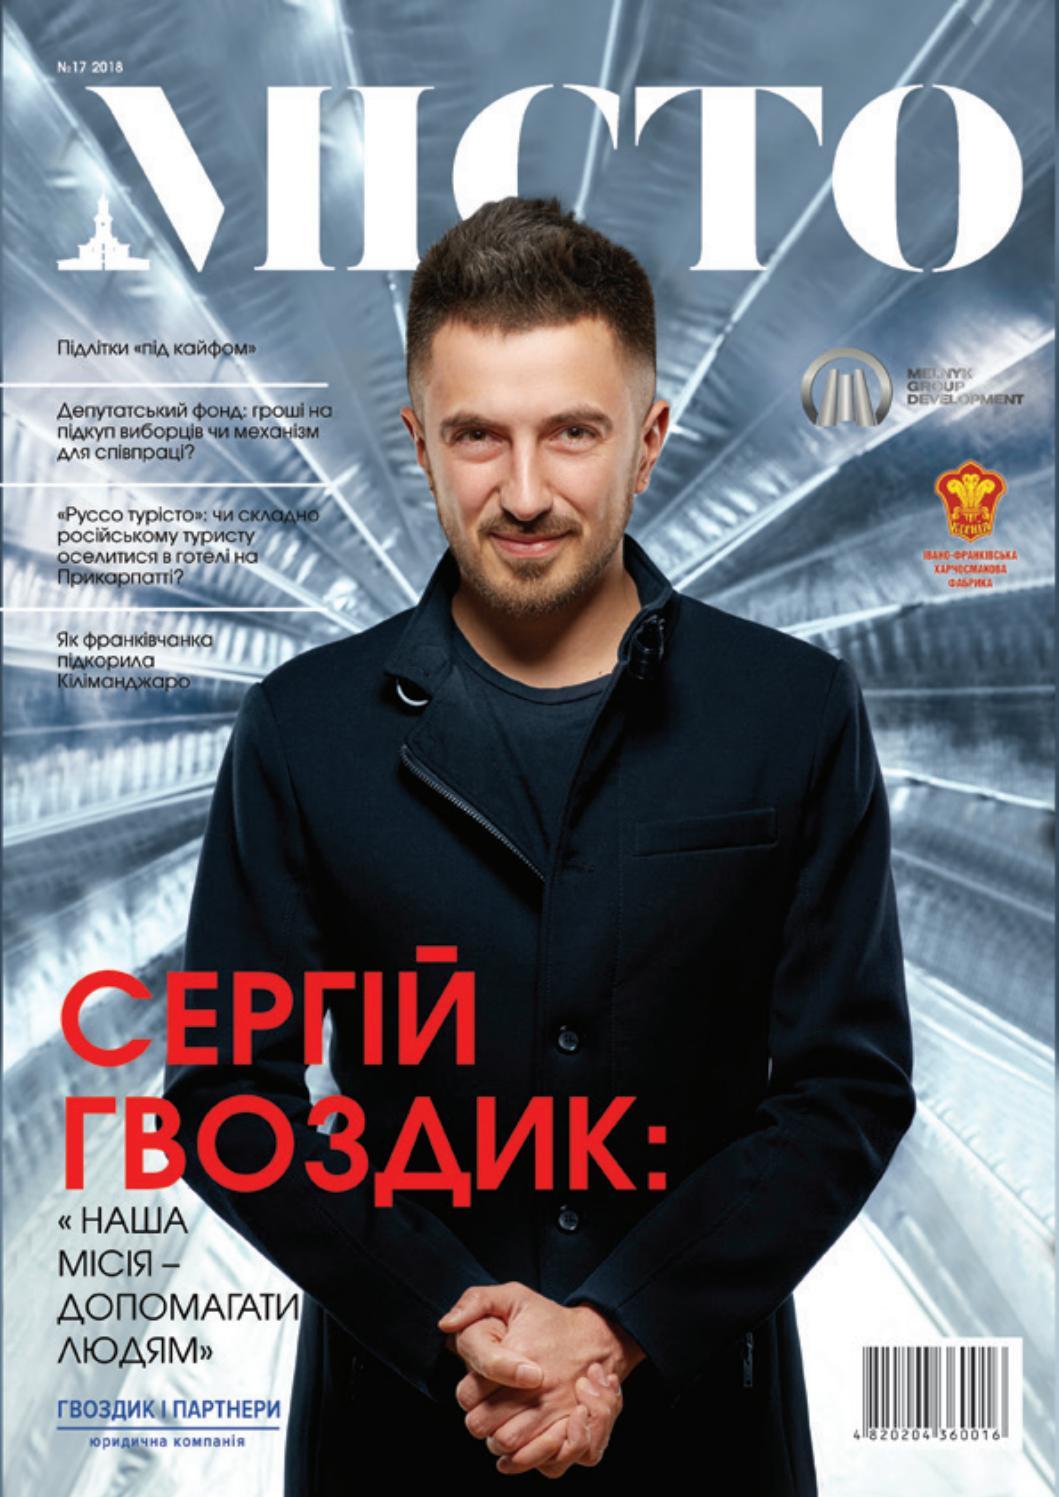 Журнал МІСТО №17 by МІСТО - issuu 429be8710e463
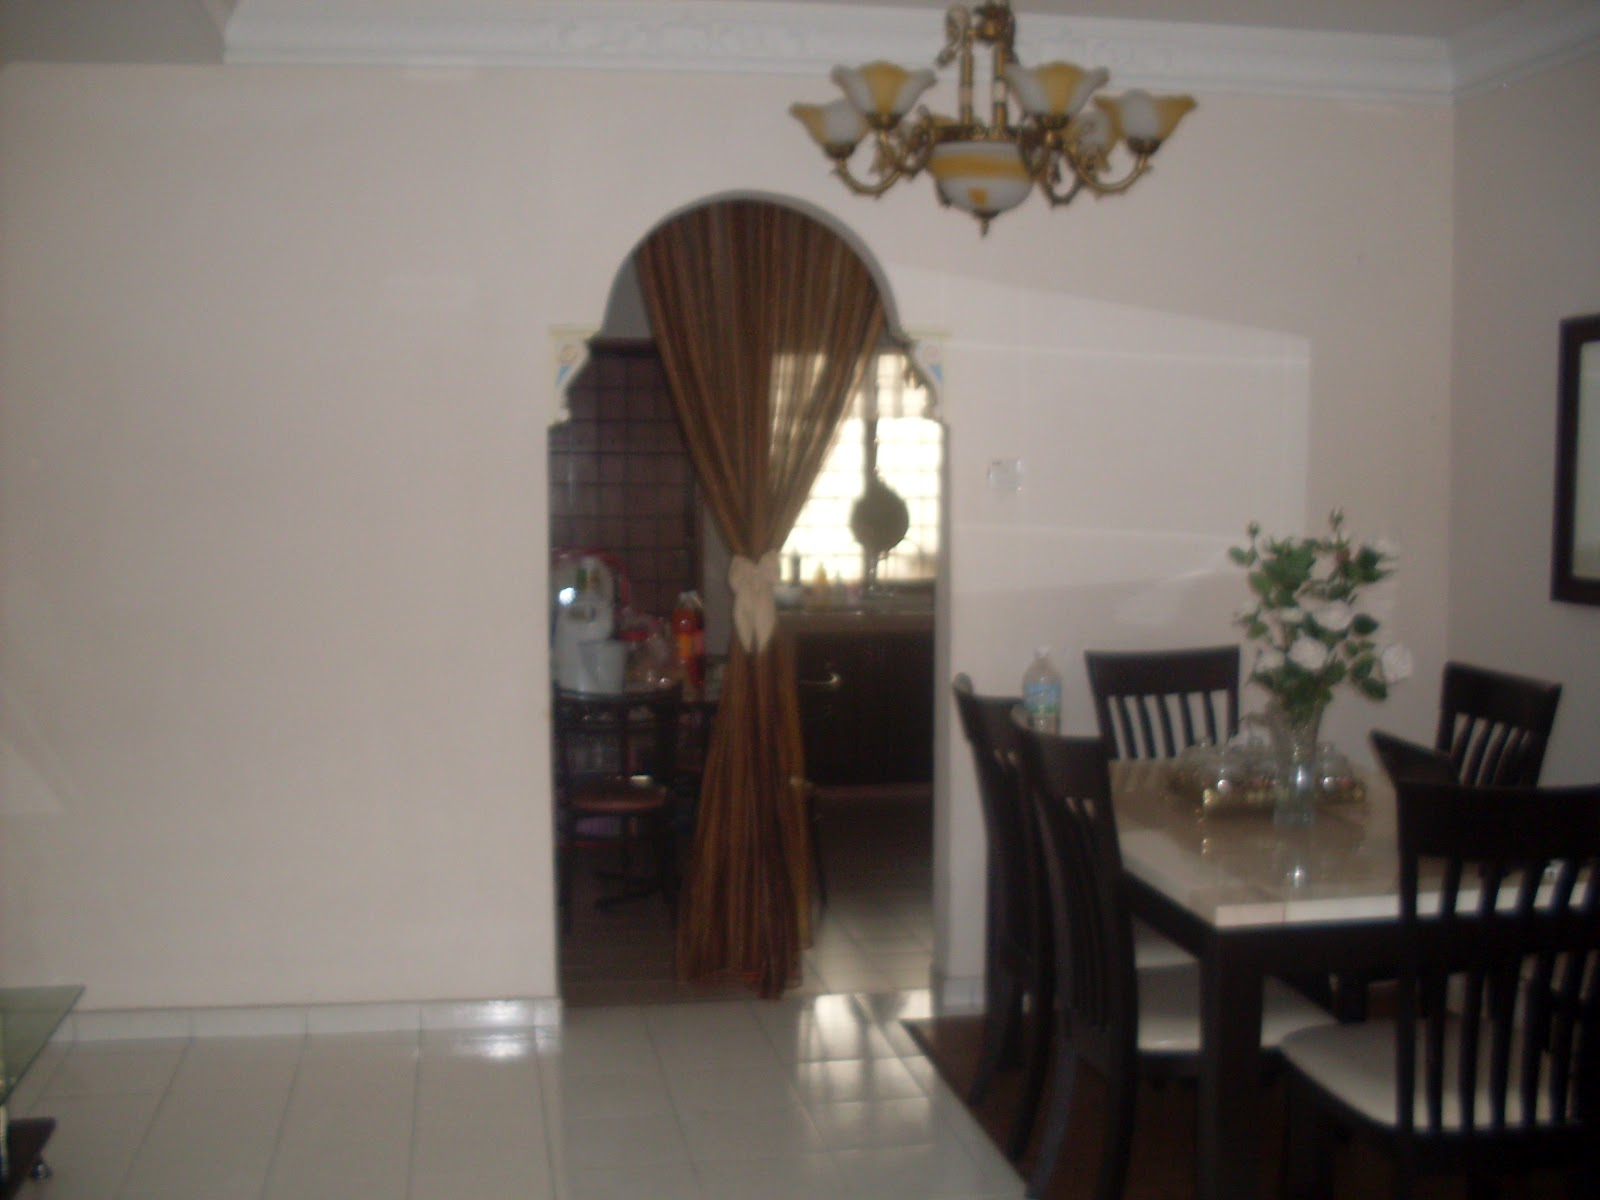 Hiasan Dinding Inspirasi Dekorasi Hiasan Dalaman Rumah | Share The ...
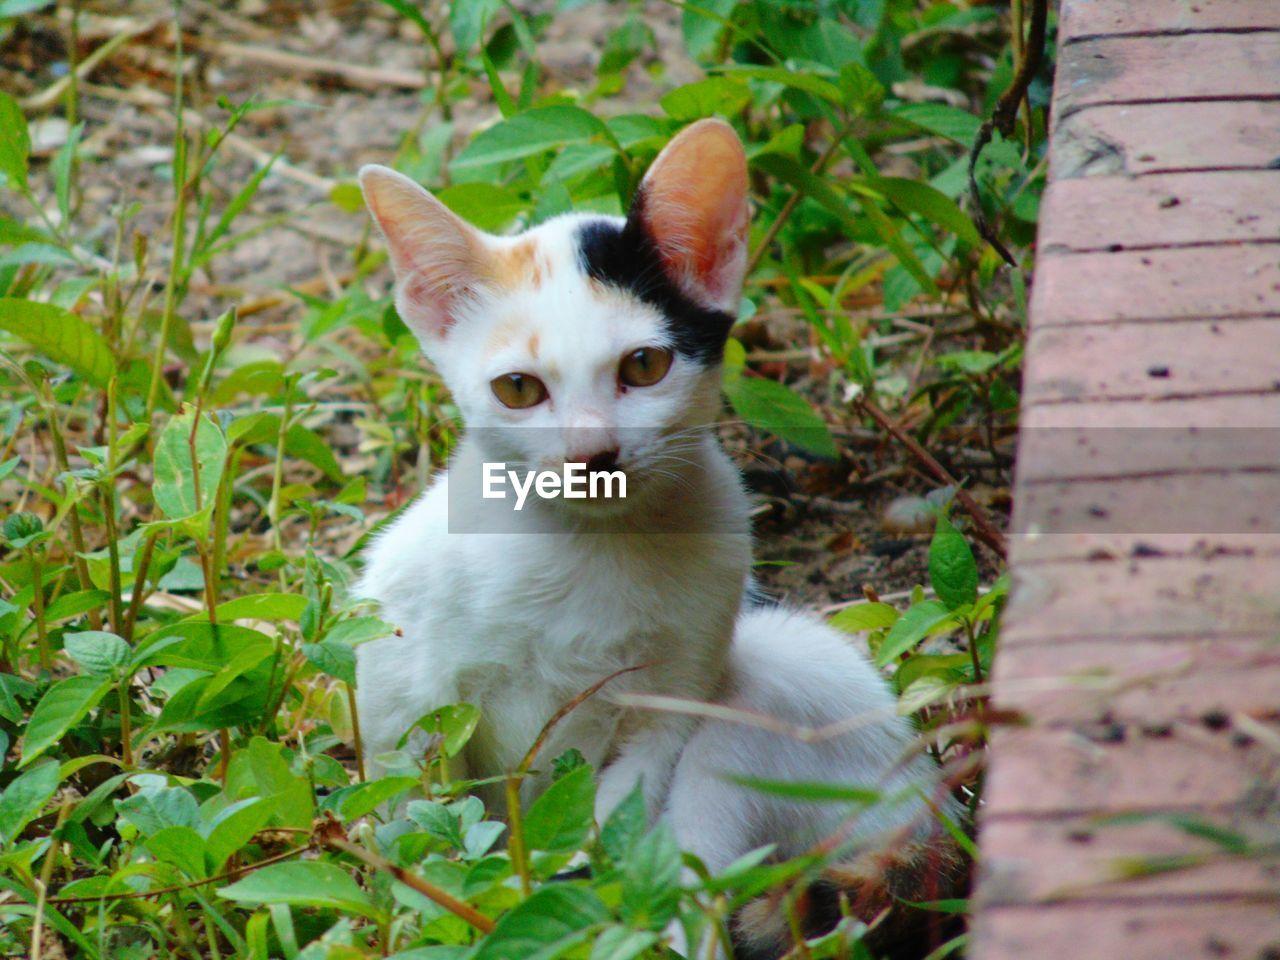 CLOSE-UP PORTRAIT OF CAT SITTING ON PLANT
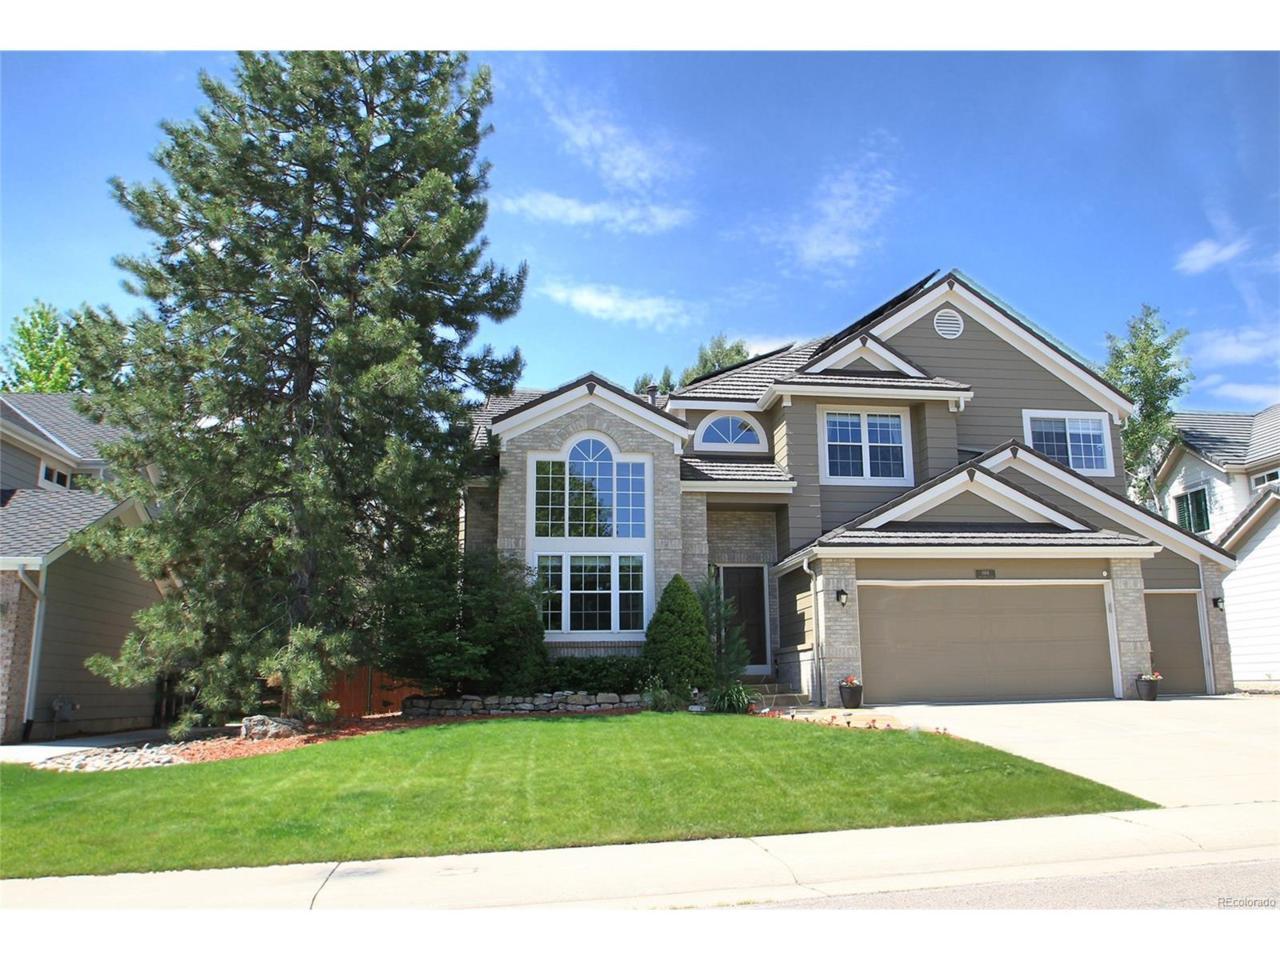 8164 Lone Maple Lane, Lone Tree, CO 80124 (MLS #9710268) :: 8z Real Estate

* _What the exercise asks_:
Nothing should appear in the answer except the lines from the one containing "CLOSE-UP PORTRAIT OF CAT SITTING ON PLANT" through the last line of the listing, given again exactly and with no pictures.

* _Exercise output_:
 CLOSE-UP PORTRAIT OF CAT SITTING ON PLANT
 8164 Lone Maple Lane, Lone Tree, CO 80124 (MLS #9710268) :: 8z Real Estate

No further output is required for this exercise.